I began by going to NotForgotten and registering a time capsule with them. Shayna is not really the nature type so I decided with going virtual. What NotForgotten offers that the soil does not is the ability to actually avoid data rot. Plus I can't lose it because its mapped and registered with the ITCS. I also wanted to make a virtual capsule because it seemed much more fitting. In our generation, everything we do it on our phones. I know Shayna has about a million selfies she would love to put in a time capsule. This way, when her kids look at her wedding capsule it will almost be like they got to experience it themselves. We finally have the technology that gives us the opportunity to view our past like never before. I wanted to get creative with what was going into the capsule. I had already told her the idea because she would eventually need to choose the items that went inside, but I decided to keep one element a surprise.
I took a 3 minute video of every bridesmaid saying their favorite memory of Shayna and Daniel along with a message from my mom and dad explaining how proud they were of her. This way when she opens the capsule, however many years from now, the memory of the wedding will be fresh and relevant. Capsules have a way of preserving moments like this so they never lose their momentum. Here are a few other items I felt would go well in her capsule.

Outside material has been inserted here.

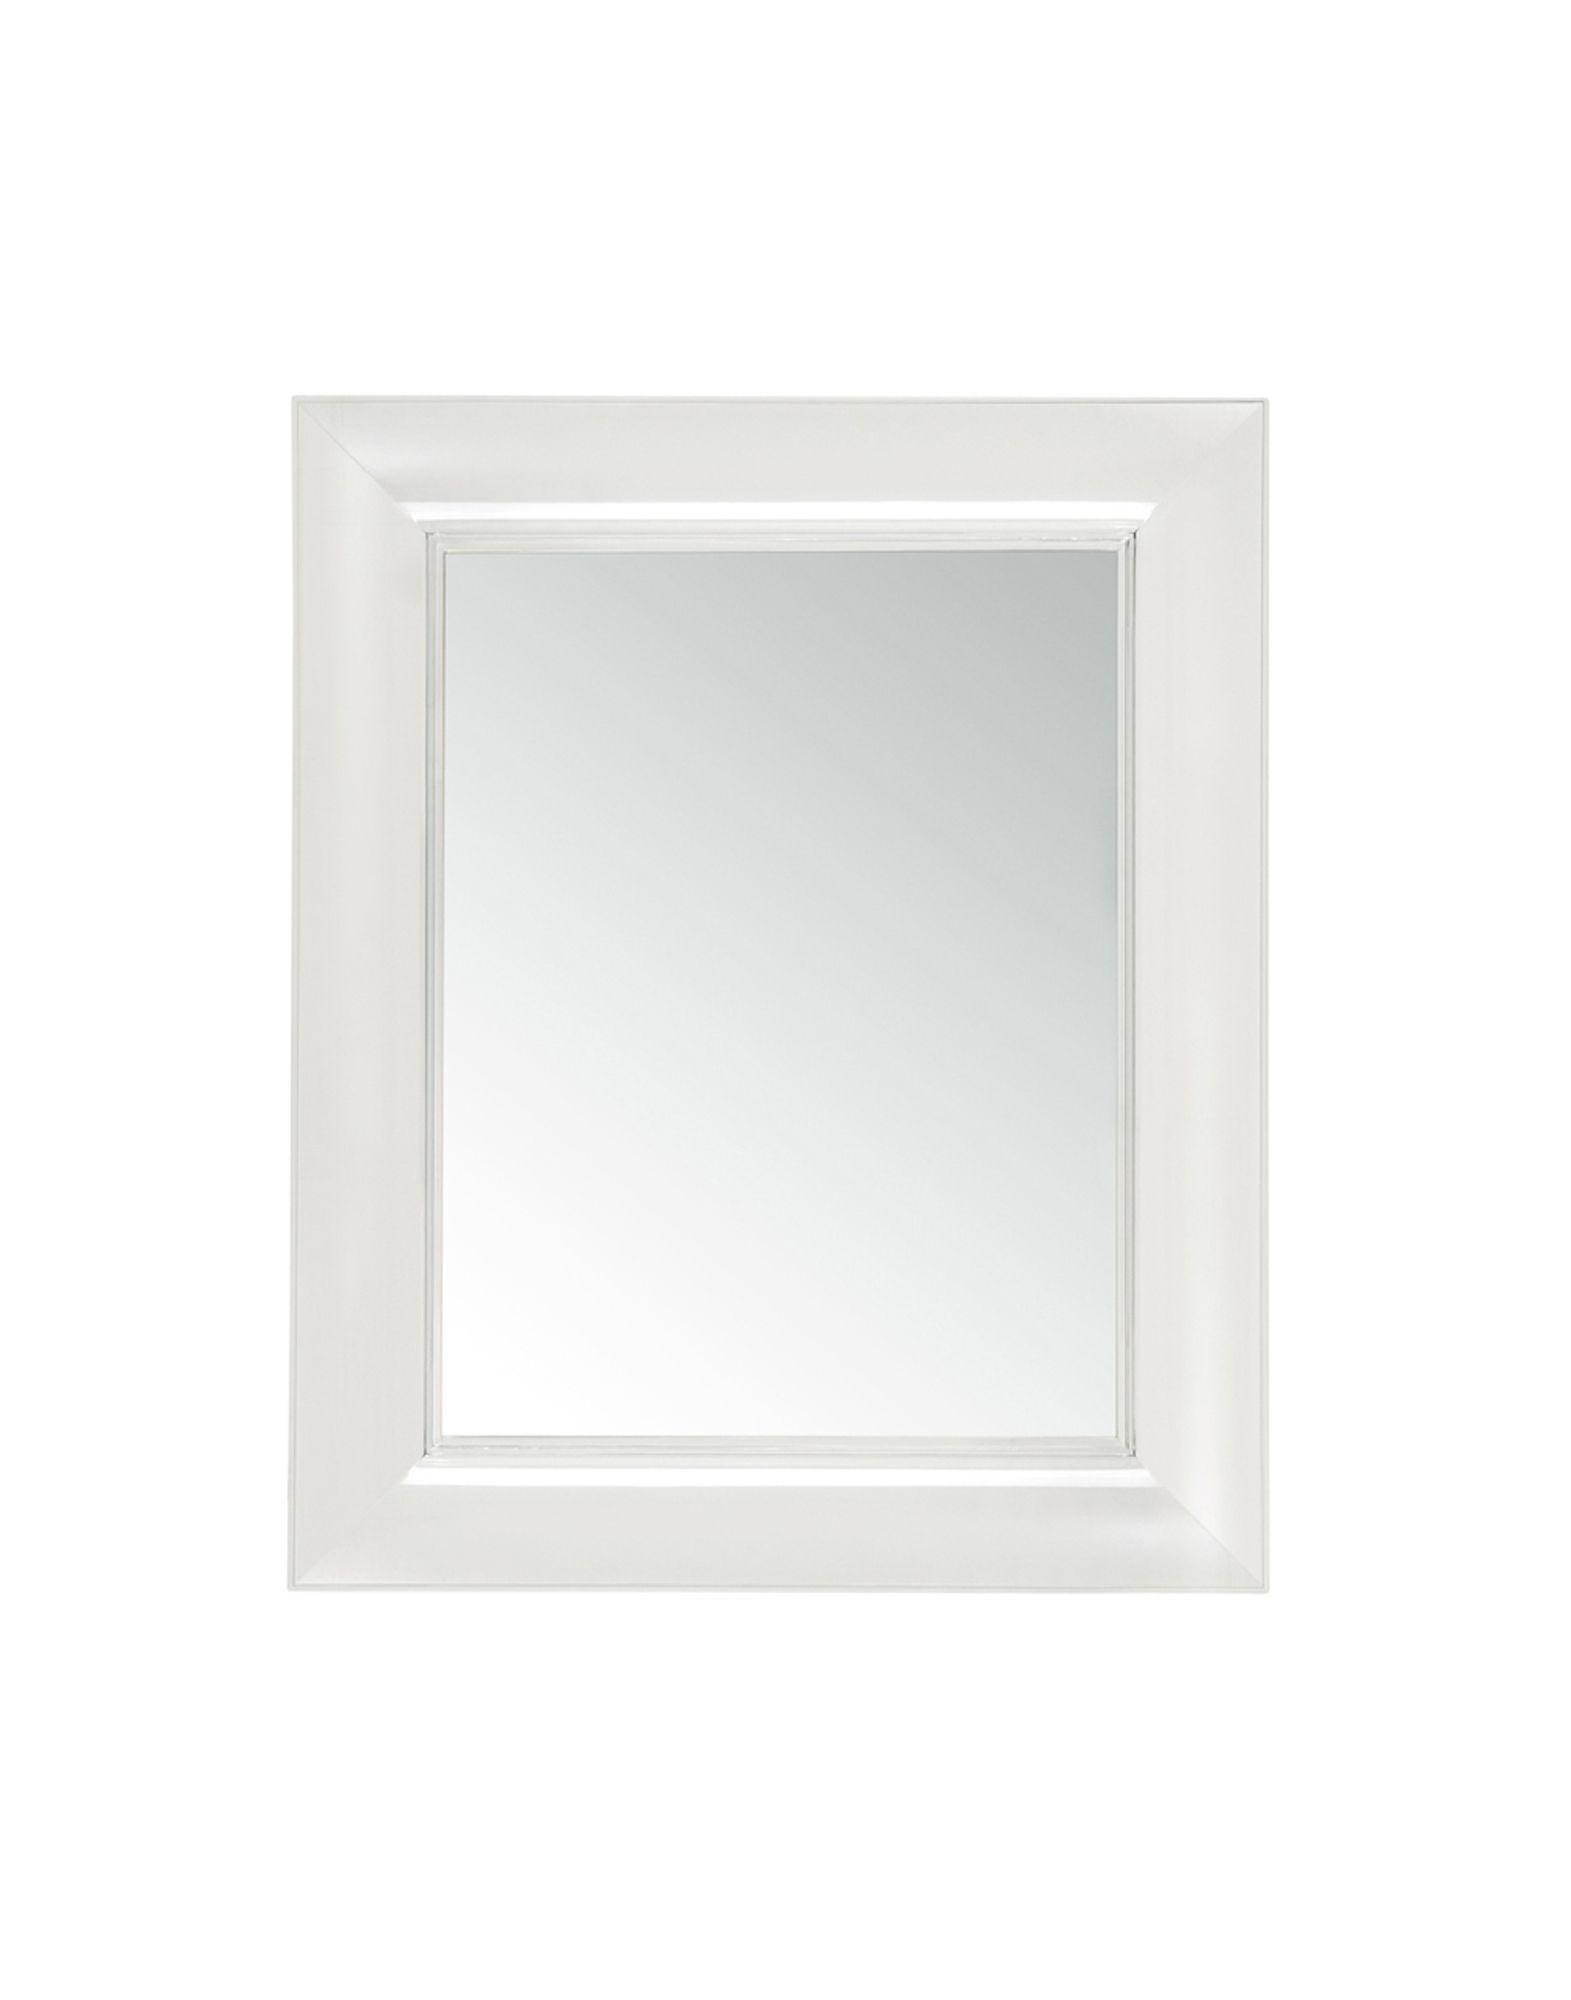 Kartell specchio francois ghost cristallo specchi - Specchio kartell prezzi ...

Even the present day wedding film can be stored in the capsule, making future viewers feel how surreal it was the day it was filmed. My favorite idea I plan on using is filming Shayna and Daniel separately on their actual wedding day. I will ask each of them to tell me how they are feeling without the other knowing and how much they love each other. It is one thing to put literal things into a time-capsule, but it is rare to capture raw emotion like that. Hopefully when they view these videos year from now they will look at each other the same way they did on their wedding day.
I know my sister was just one among thousands of brides faced with a Covid wedding. If anything we can agree after getting married during a pandemic we take the vow “in sickness and in health” very seriously. Brides provide a positive outlook for those who see getting married during this time as a bad omen,
“many couples are choosing to focus on what they can guarantee themselves: It may not have been the wedding they originally planned, yet 36 percent still said ‘I do’ during the pandemic, with many now-newlyweds hoping to host a larger celebration once restrictions are lifted.
The article goes on to explain that, “Wedding planner Fallon Carter of Fallon Carter Events says she’s been busy planning small-scale ceremonies and uniquely intimate events in couples’ backyards and close-to-home destinations, in lieu of the big blow-out bashes she’s used to orchestrating.”
For many brides, much like my sister, micro weddings are enough…
“It’s not as much pressure, and they don’t have to wrap their mind around what the world will look like in the future…It doesn’t matter the place or how many guests you have. It’s the love you share that day.”
Sometimes when it comes to a wedding less is more. There is a lot of beauty that comes with simplicity. Weddings are all about being surrounded by those who love and support you without all the superficial nonsense. If anything has come out of getting married during this time, it is that we can be sure these weddings will be pure and real.